#### Information shown
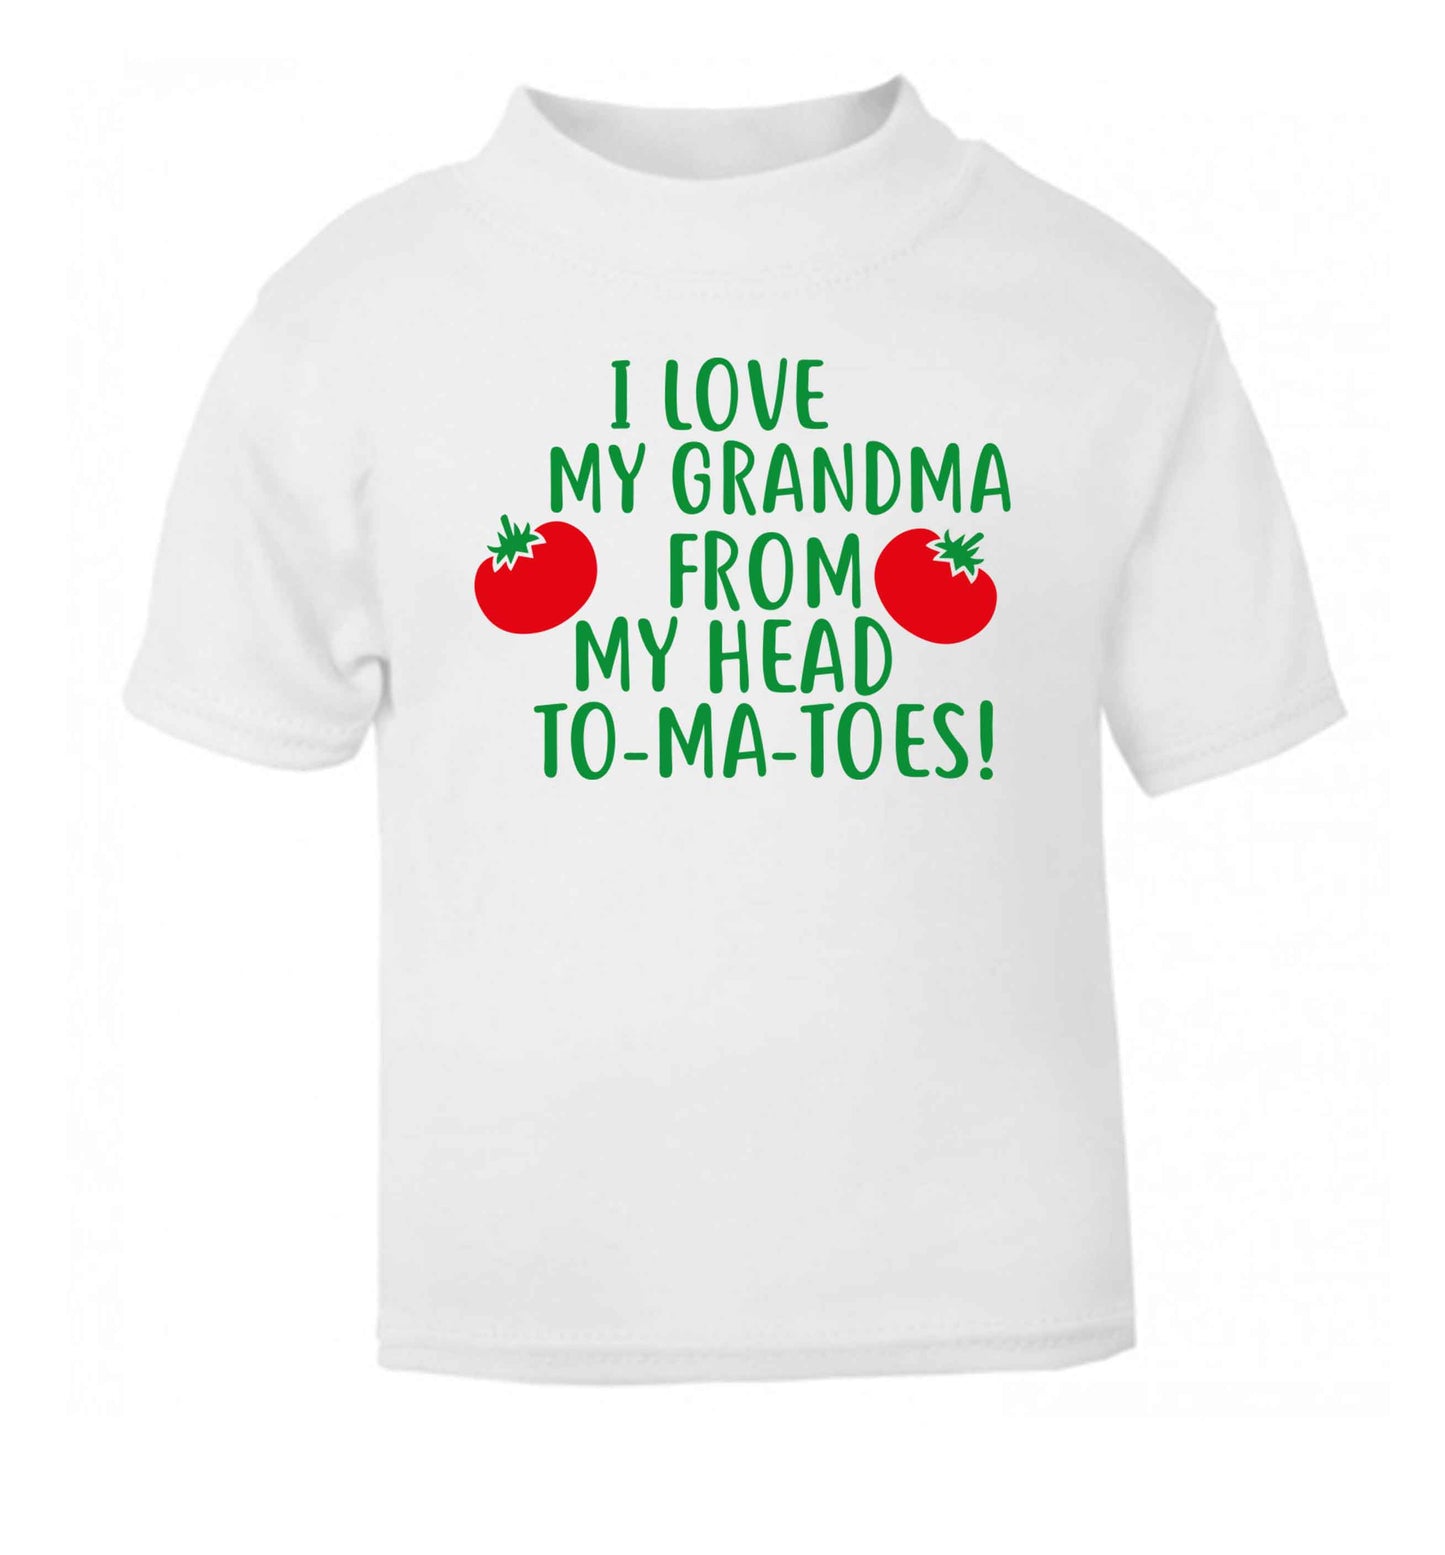 I love my grandma from my head to-ma-toes white Baby Toddler Tshirt 2 Years
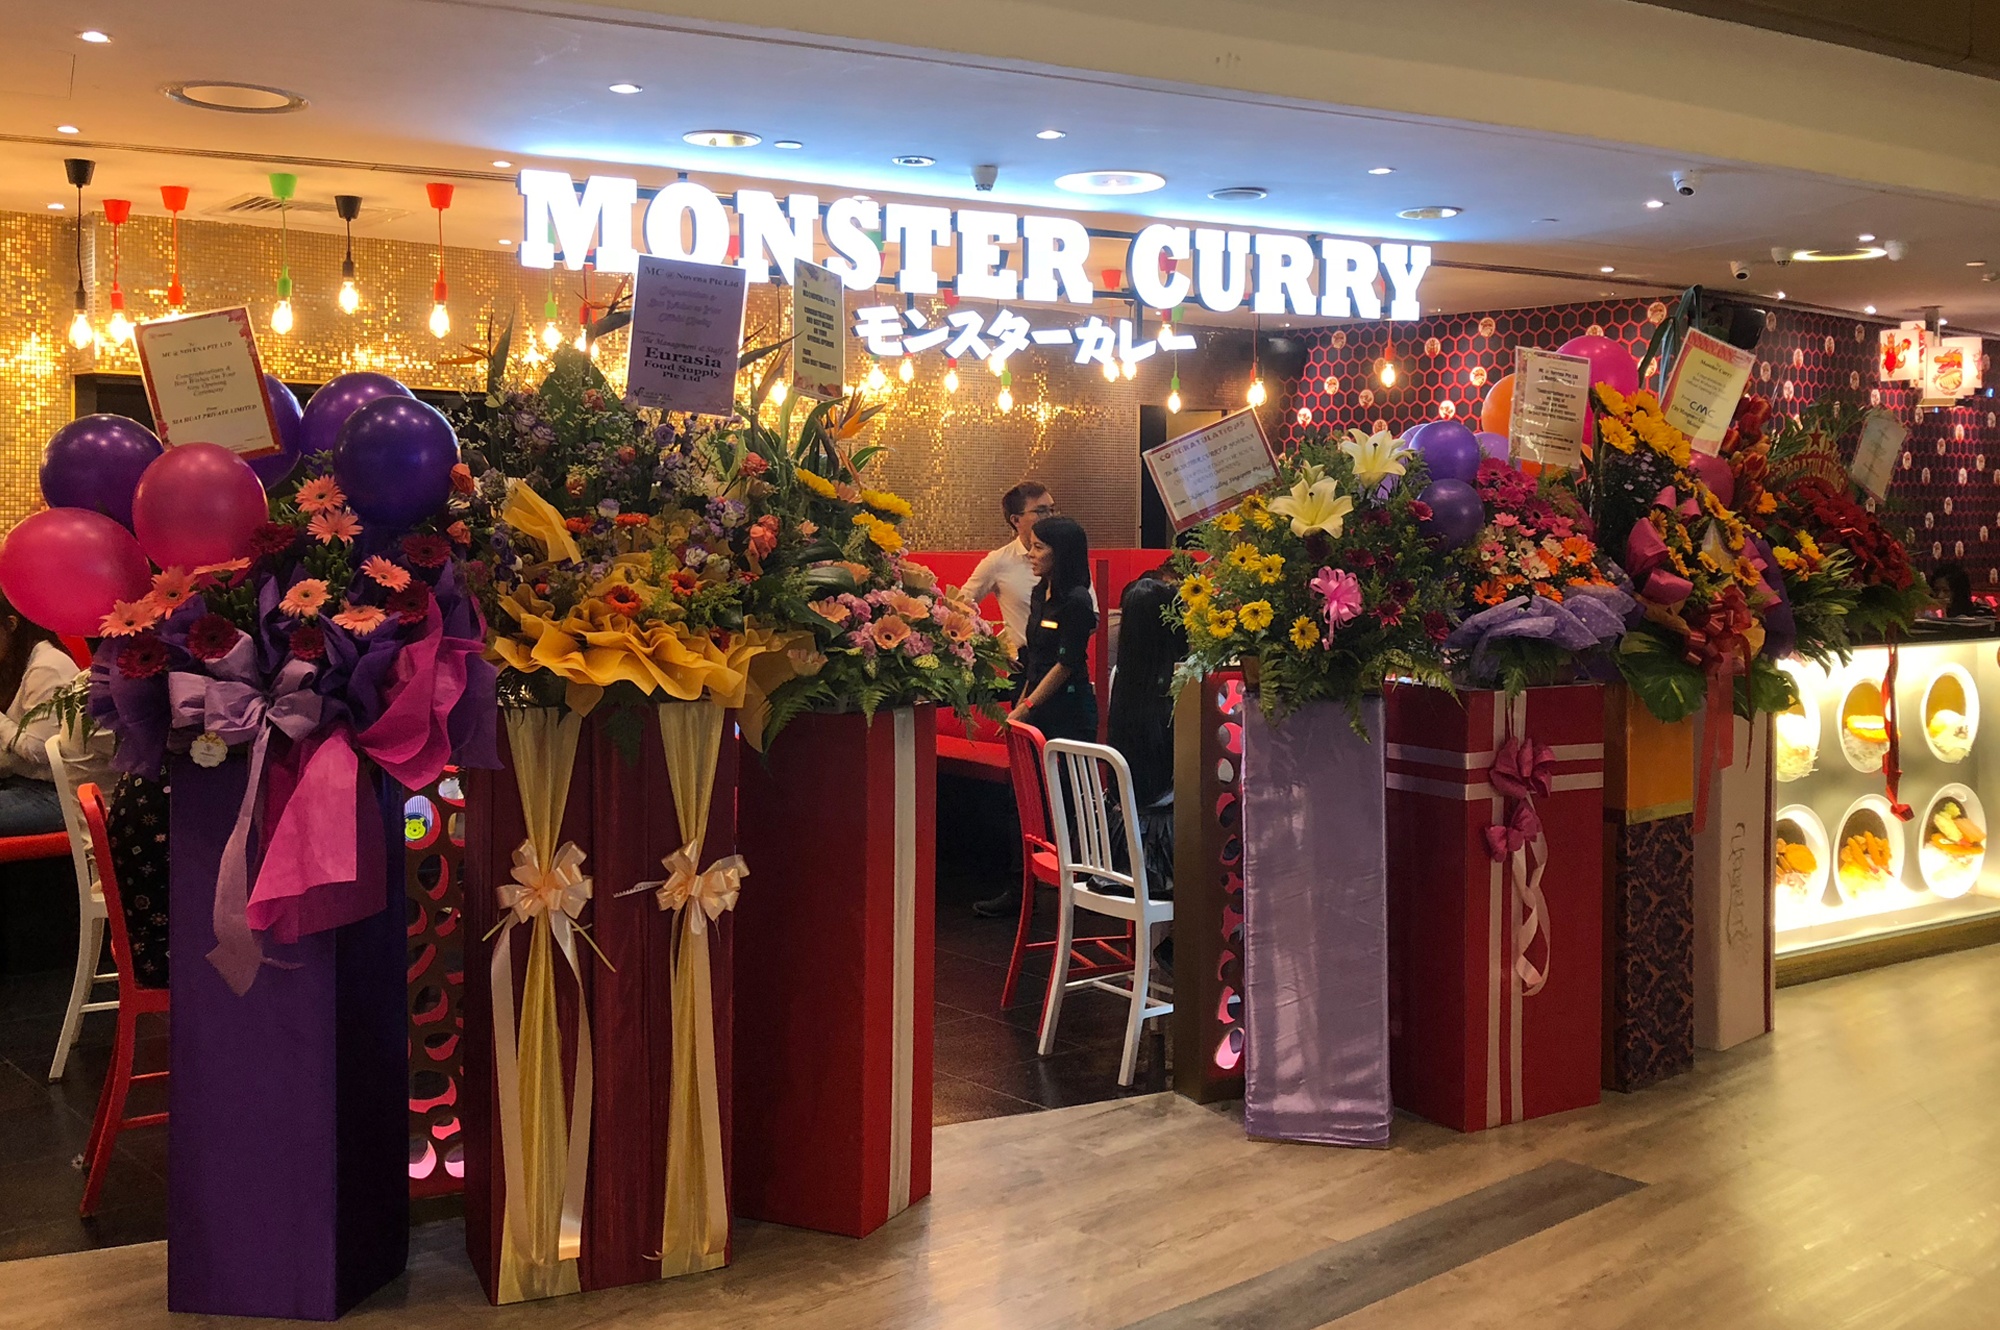 Monster Curry at Velocity @ Novena Square
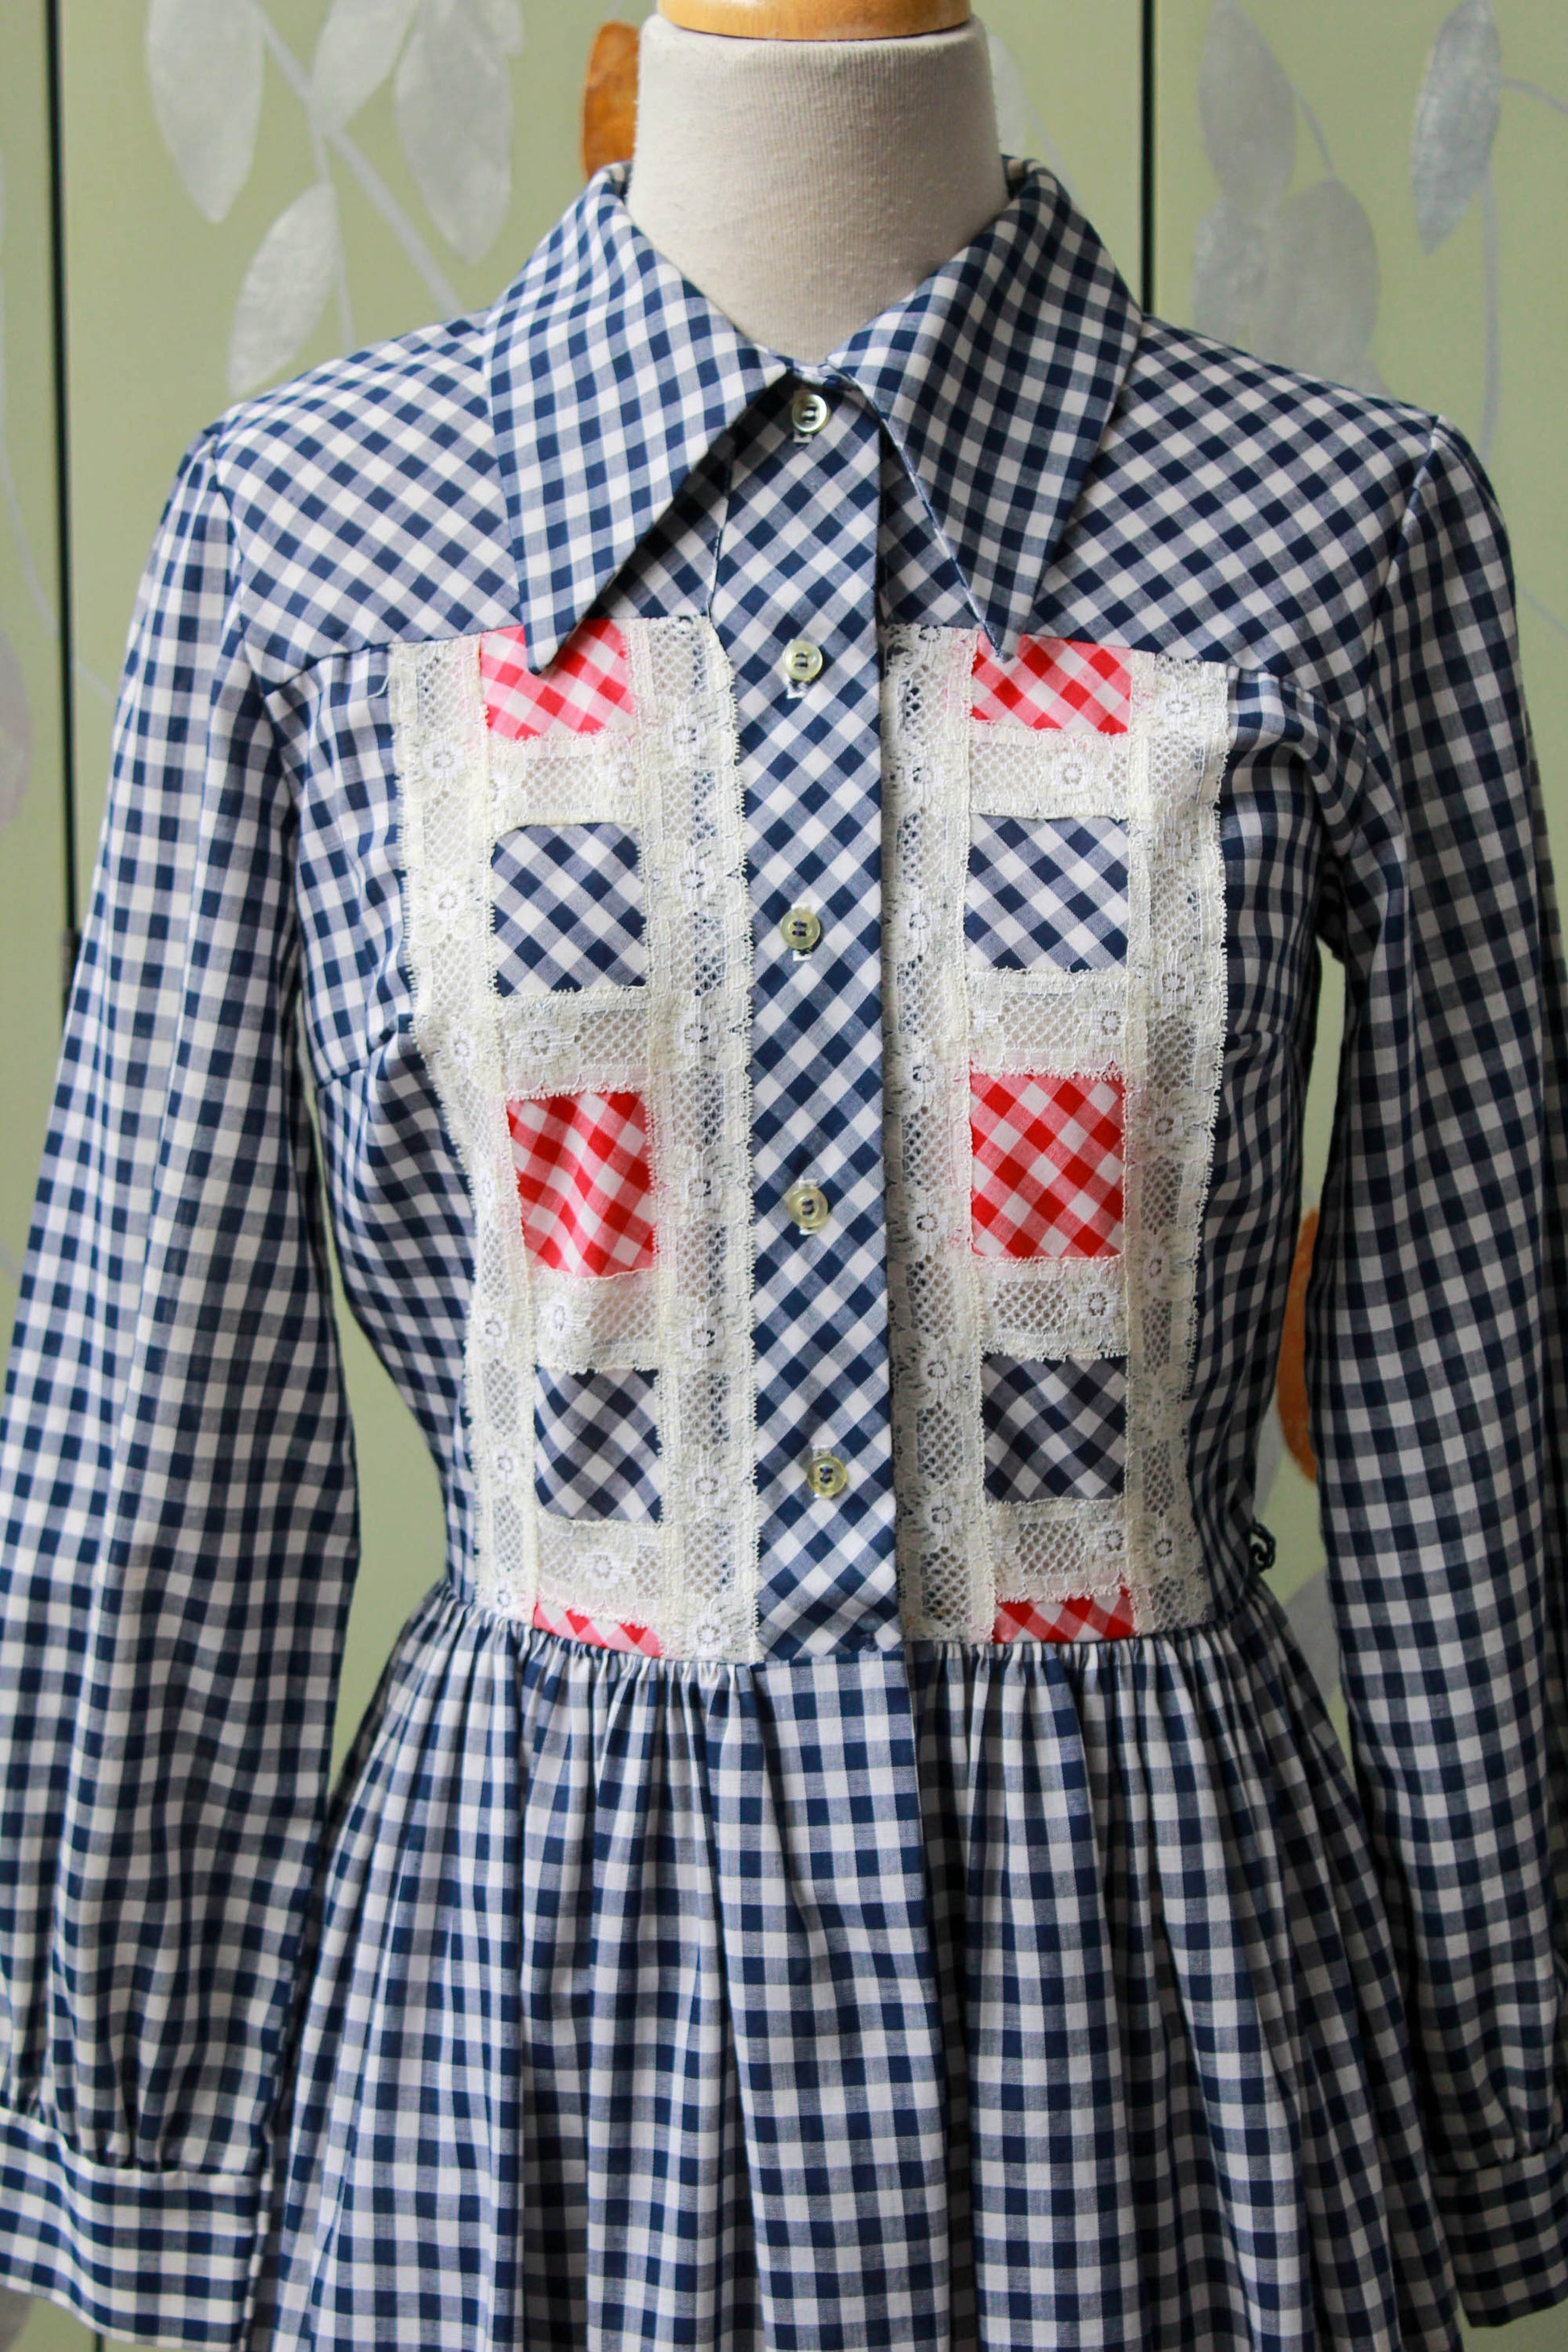 1970s blue white gingham cotton cowgirl dress gathered skirt, button up front with large 70s collar, long sleeve

#### Work item
Quote the data exactly, leaving every image out of the copy.

#### Answer box
 I love my grandma from my head to-ma-toes white Baby Toddler Tshirt 2 Years
 Monster Curry at Velocity @ Novena Square
 1970s blue white gingham cotton cowgirl dress gathered skirt, button up front with large 70s collar, long sleeve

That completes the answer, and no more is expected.